Stockton’s trek down AB 506 is unprecedented. However, its financial collapse was not unearned. Years of spending left the city with huge debt services that are forcing the city’s hand.
The forced revitalization – highlighted by the downtown arena, minor league baseball stadium, and marina – are now lightning rods for residents and employee anger. The city’s parking structure may even be repossessed. The new city hall stands vacant as the city can’t afford the cost of moving in. In all, the city is sitting on $319 million in debts.
The city went from a mostly stagnant Central Valley city to a city possessed by the housing boom as Bay Area residents sought cheaper alternatives. That led to a plethora of new home construction, and along with it fees and taxes associated with a 20 percent population increase.
The city then turned to redeveloping the downtown to control crime and heighten appeal. But when the economy soured, the best-laid plans of the city went belly up.
In 2005, Stockton, California, unveiled a gleaming new arena and ballpark on its riverfront, part of a $145 million plan to draw people downtown.

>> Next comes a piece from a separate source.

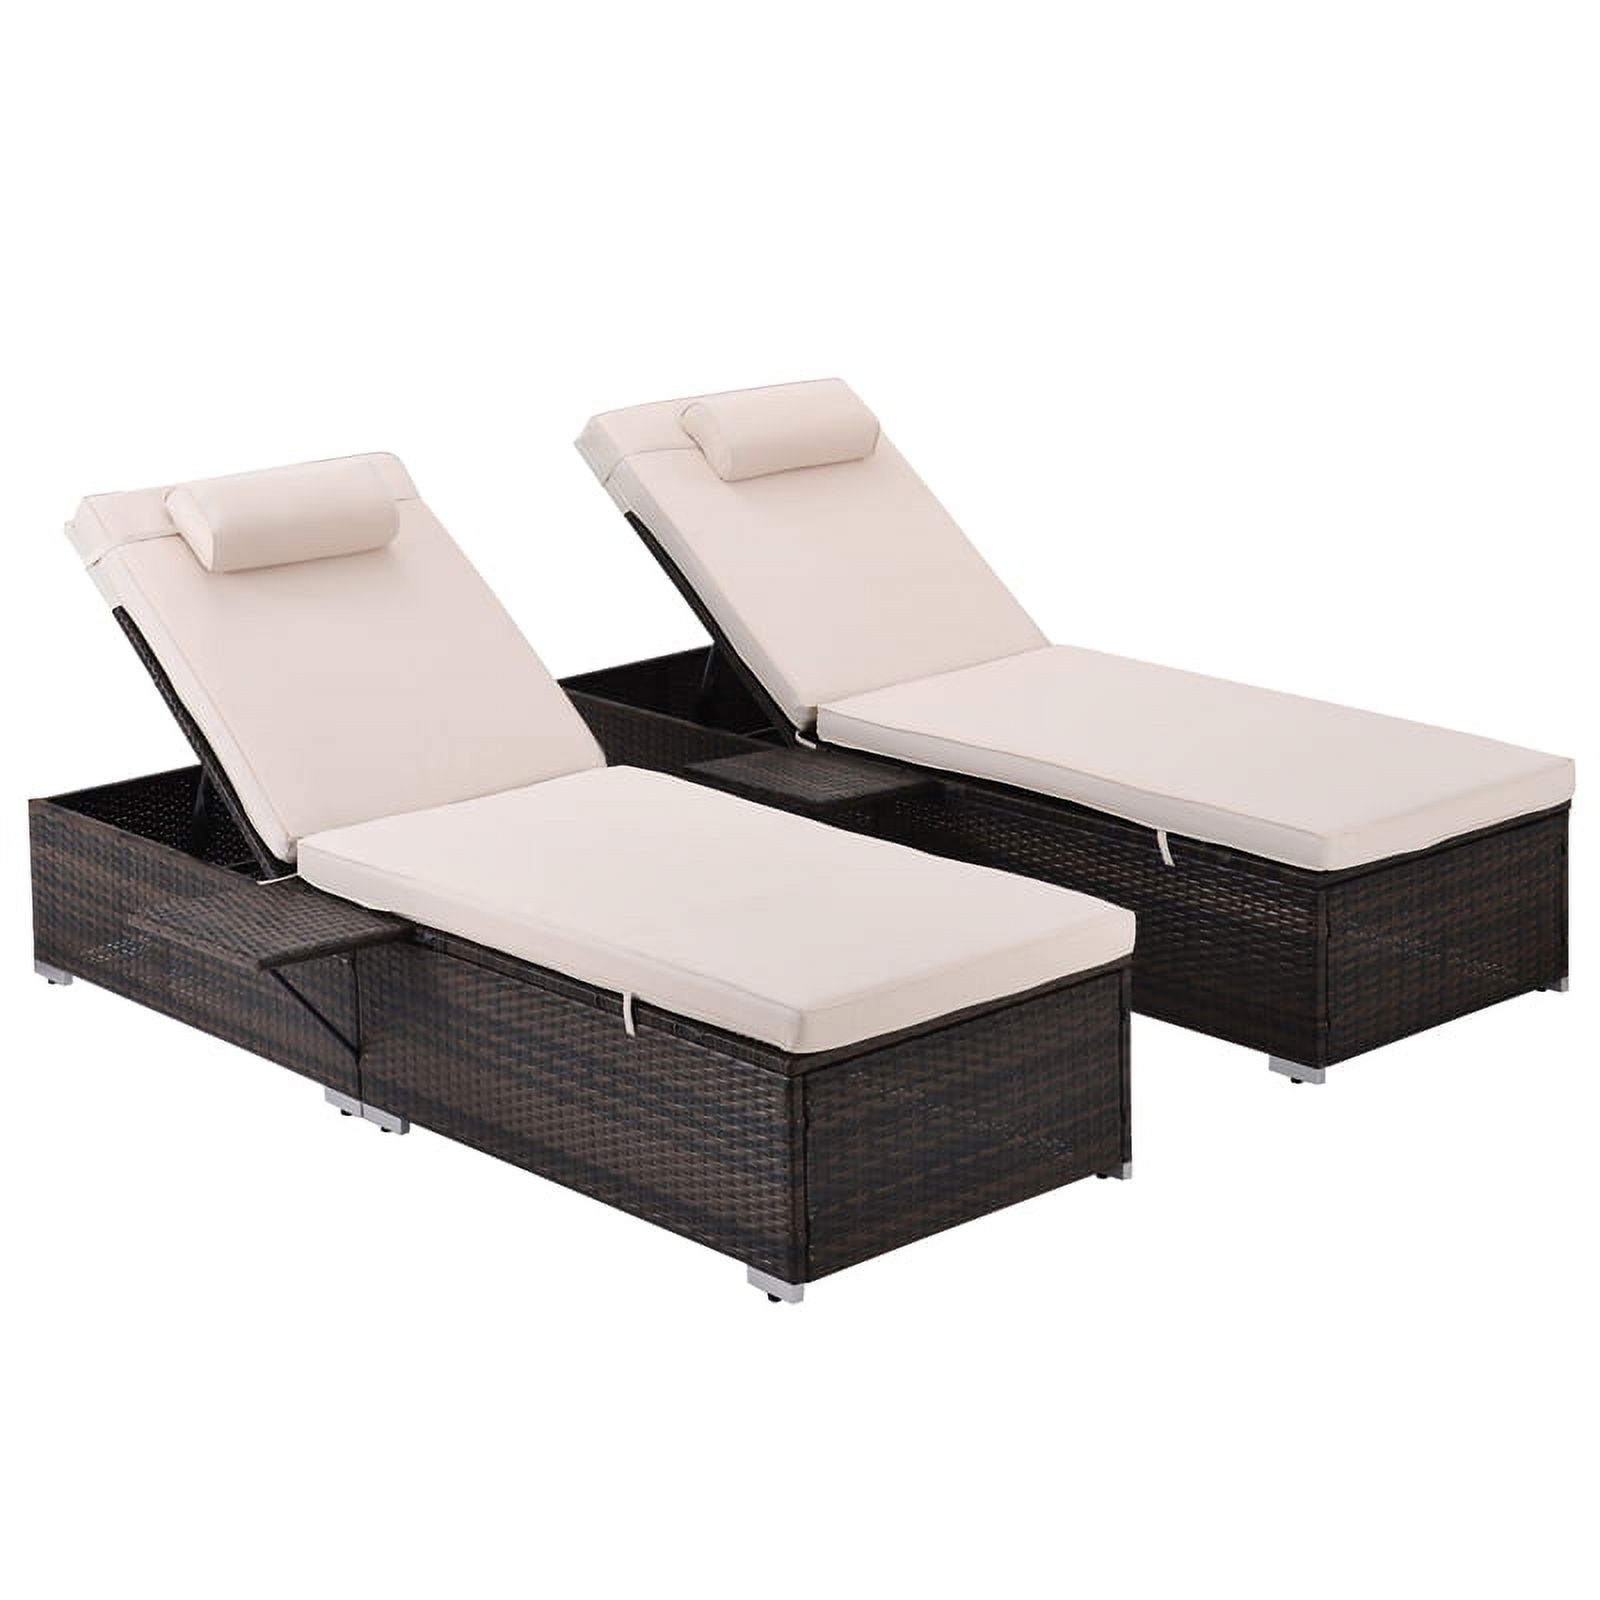 CRO Decor Outdoor PE Wicker Chaise Lounge 2pc with Side Table and Head Pillow - image 2 of 14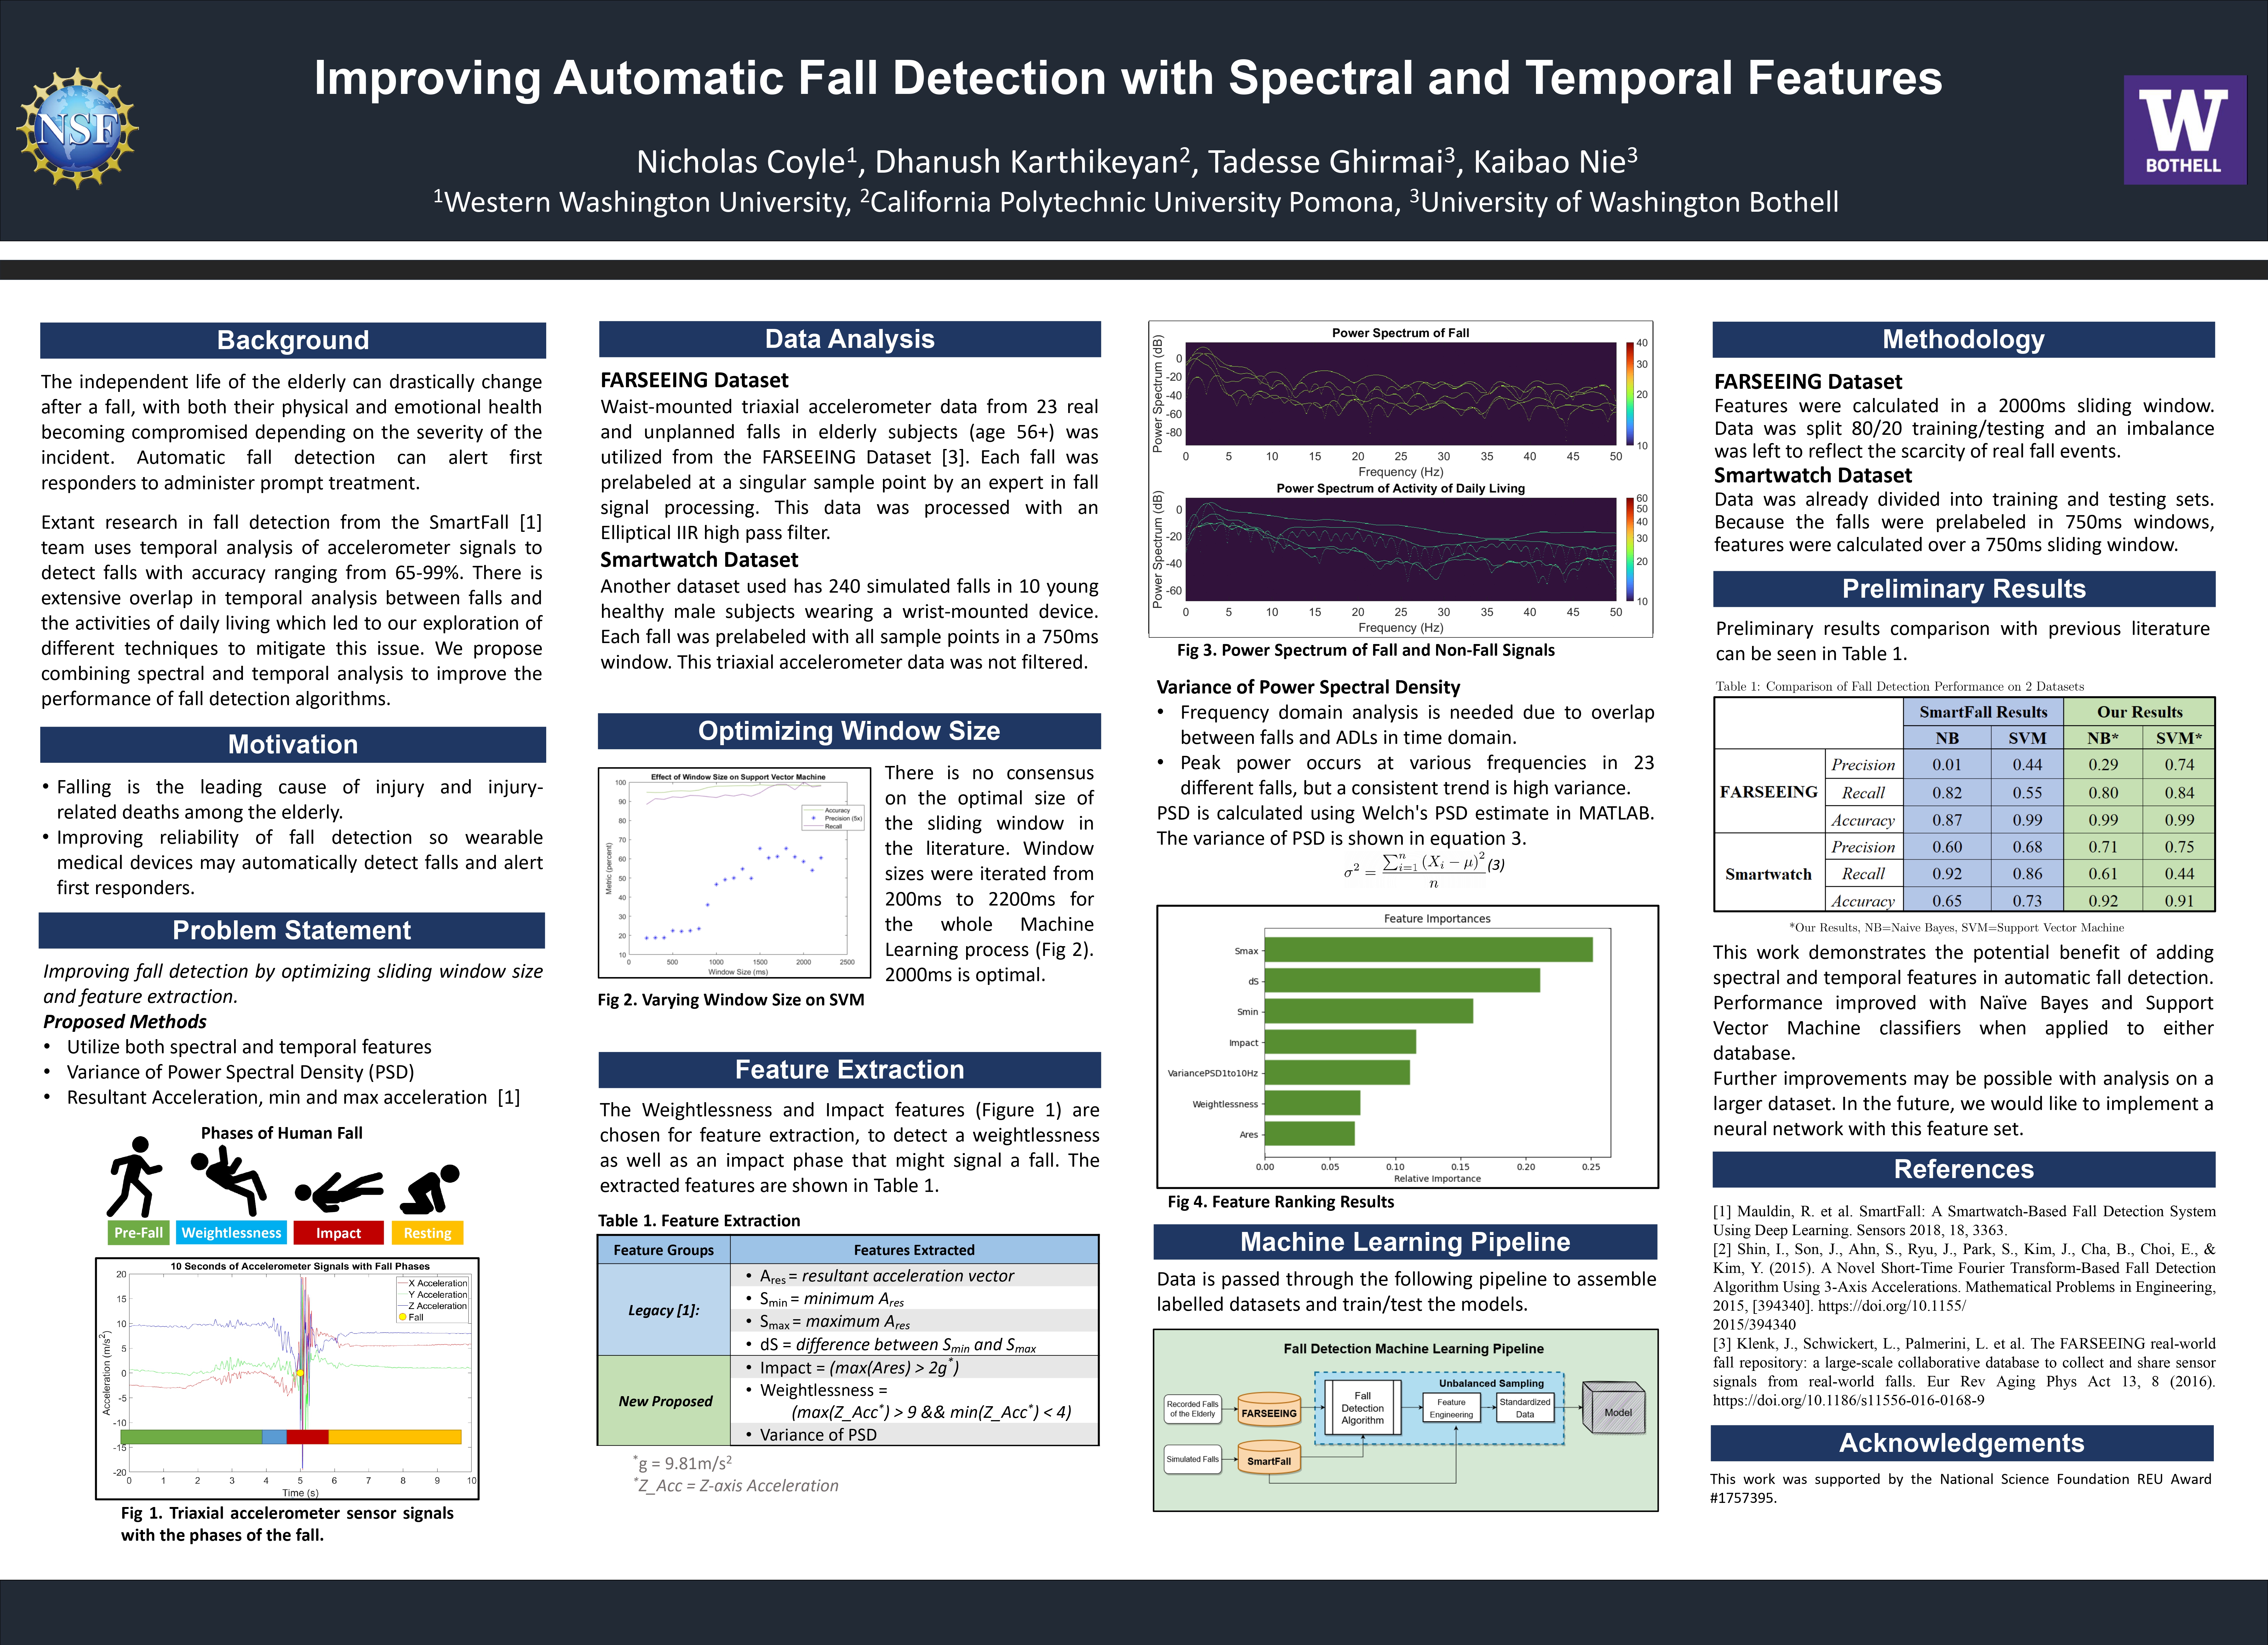 Improving Automatic Fall Detection with Spectral and Temporal Features Poster

The city east of San Francisco, a shipping hub for wine and almonds, is now negotiating with creditors to stave off bankruptcy.
The 10,000-seat arena, a glass-walled symbol of the city’s fight against a soaring crime rate and downtown blight, was one piece of a redevelopment boom that also saw the addition of a 5,000-seat minor league ballfield, a 650-space parking garage, a 66-slip marina and the purchase of an eight-story City Hall.